Ghana, Politique

Ghana : Une fausse ambassade délivrait de « vrais visas » américains

View of the US flag raised over the US Embassy building in Havana on August 14, 2015, during US Secretary of State John Kerry's (out of frame) visit. The Marine guard of the newly reopened US embassy in Cuba raised the flag over the building Friday for the first time in 54 years, marking the end of the countries' Cold War standoff. AFP PHOTO/STR

Dix ans, voilà le temps qu’il a fallu aux autorités ghanéennes pour découvrir les activités frauduleuses d’une fausse ambassade des Etats-Unis à Accra, la capitale.

Dans un communiqué du département d’Etat américain, il ressort qu’un réseau criminel y délivrait des « visas authentiques », mais obtenus illégalement.

Derrière cette arnaque de grande ampleur, souligne le communiqué, « des individus appartenant au crime organisé ghanéen et turc, et un avocat ghanéen au fait du Code pénal et de la législation sur l’immigration ».
A signaler que l’ambassade fantoche menait ses activités dans un bâtiment rose passablement délabré, sur lequel flottait un drapeau américain. A l’intérieur était accroché un portrait du président Barack Obama. Le service des visas ouvrait au public trois matins par semaine, uniquement sur rendez-vous.

La véritable ambassade des Etats-Unis se trouve, elle, à l’intérieur d’un complexe bien gardé situé à Cantonments, l’un des quartiers les plus chics de la capitale.

Des Turcs parlant anglais et néerlandais se faisaient passer pour des agents consulaires. Au cours de l’enquête, les autorités ont découvert qu’une fausse ambassade des Pays-Bas a également été ouverte.

Le gang délivrait des visas américains authentiques mais obtenus frauduleusement, ainsi que de faux papiers d’identité, dont des extraits de naissance, au prix de 6 000 dollars pièce (5 640 euros).

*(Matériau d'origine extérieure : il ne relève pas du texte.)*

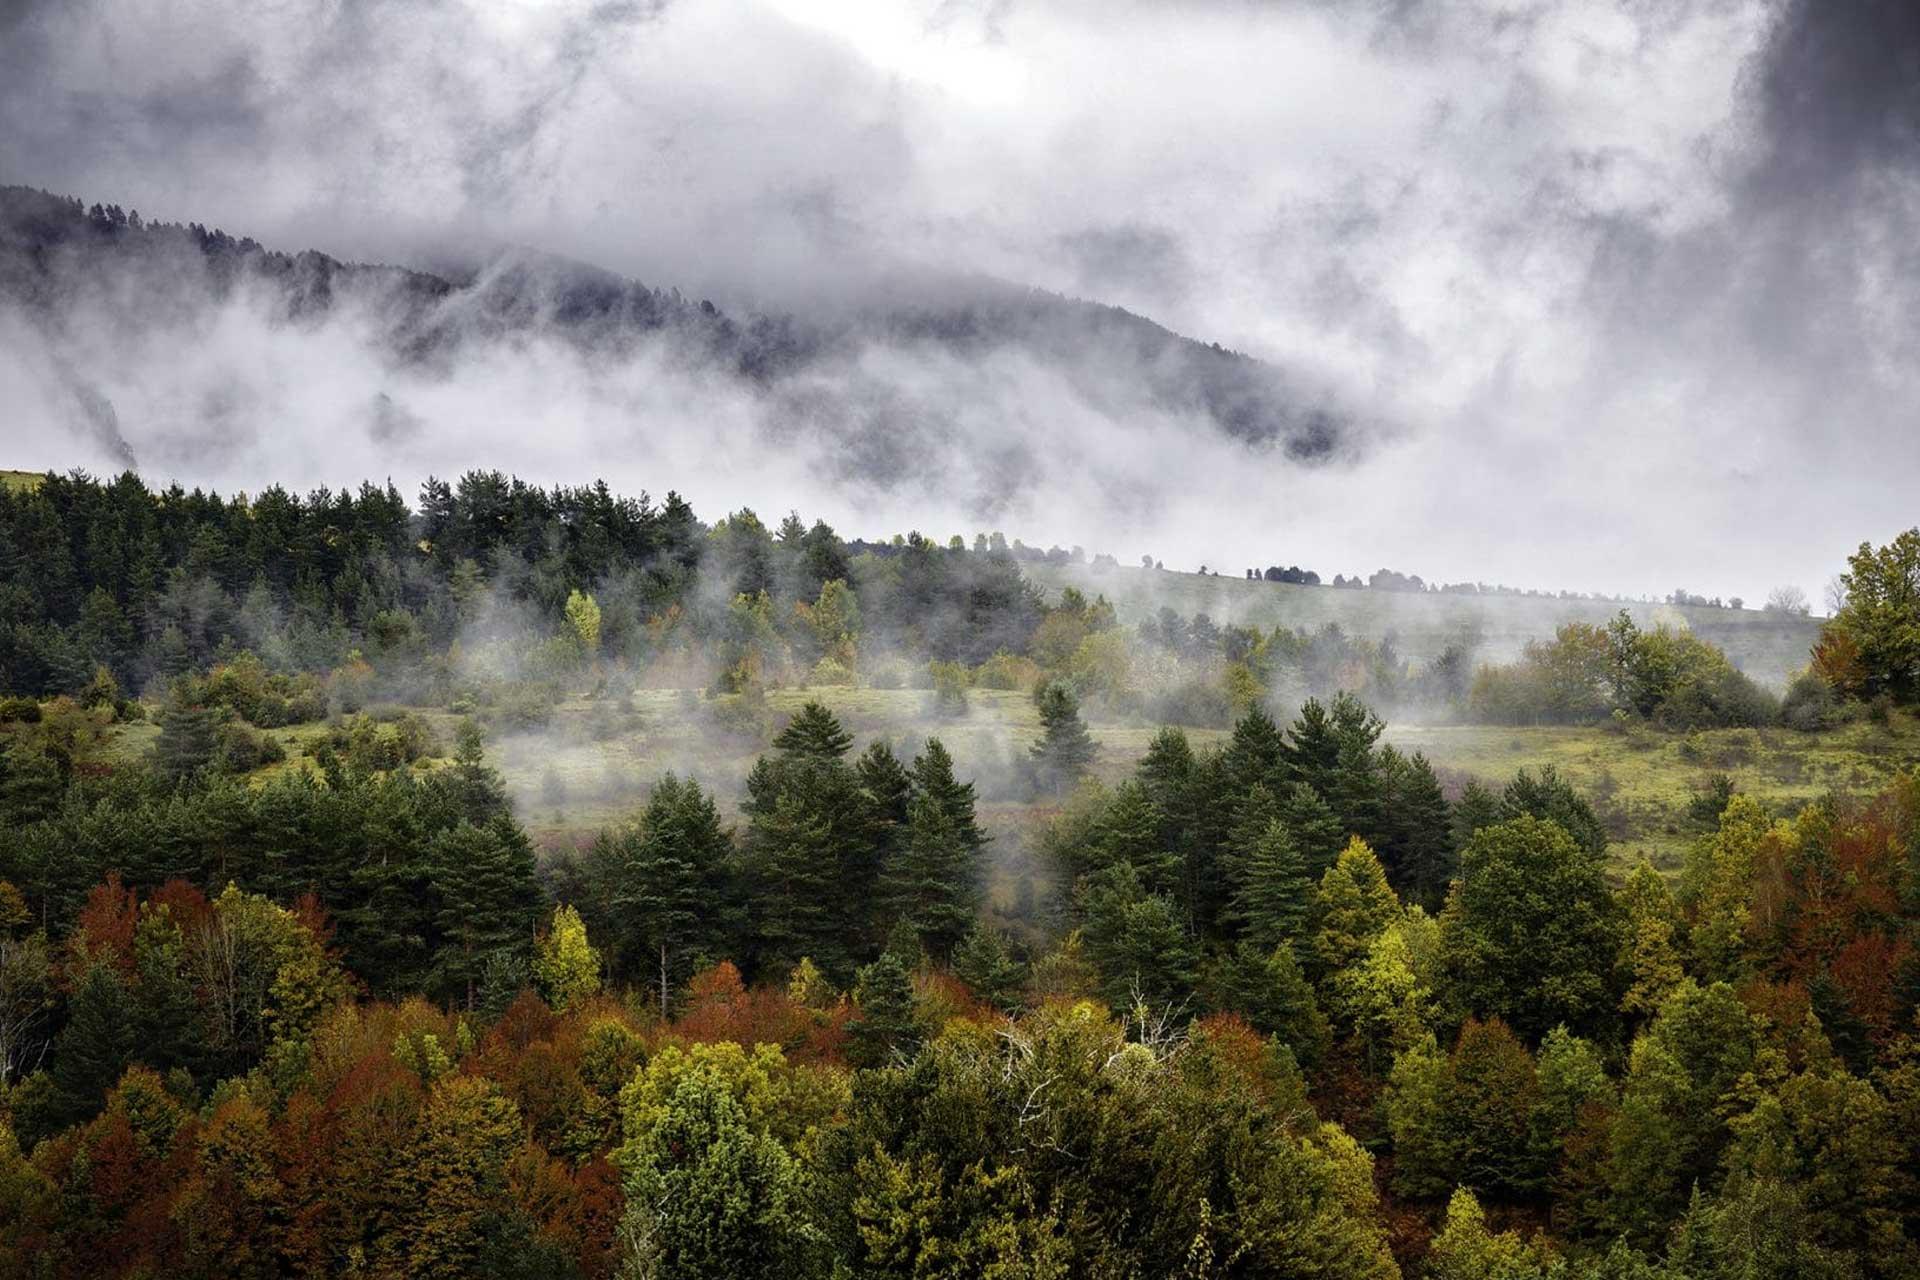 Protocolos de acceso a la Selva de Irati Otoño 2021

Au cours des perquisitions, qui ont débouché sur plusieurs arrestations, les autorités ont saisi de faux visas indiens, sud-africains mais aussi de pays de l’espace Schengen, et 150 passeports de dix pays, de même qu’un ordinateur portable et des smart phones.

Le département d’Etat ne dit pas comment le gang s’était procuré de vrais visas américains, vierges. Il ne précise pas non plus combien de personnes ont pu pénétrer illégalement aux Etats-Unis et dans d’autres pays en recourant à des visas délivrés par ce gang, qui distribuait des pots-de-vin pour pouvoir opérer en toute impunité.

Les autorités américaines ont été averties du subterfuge par un renseignement et ont réuni des détectives, dont des inspecteurs de police ghanéens, pour démanteler le réseau criminel.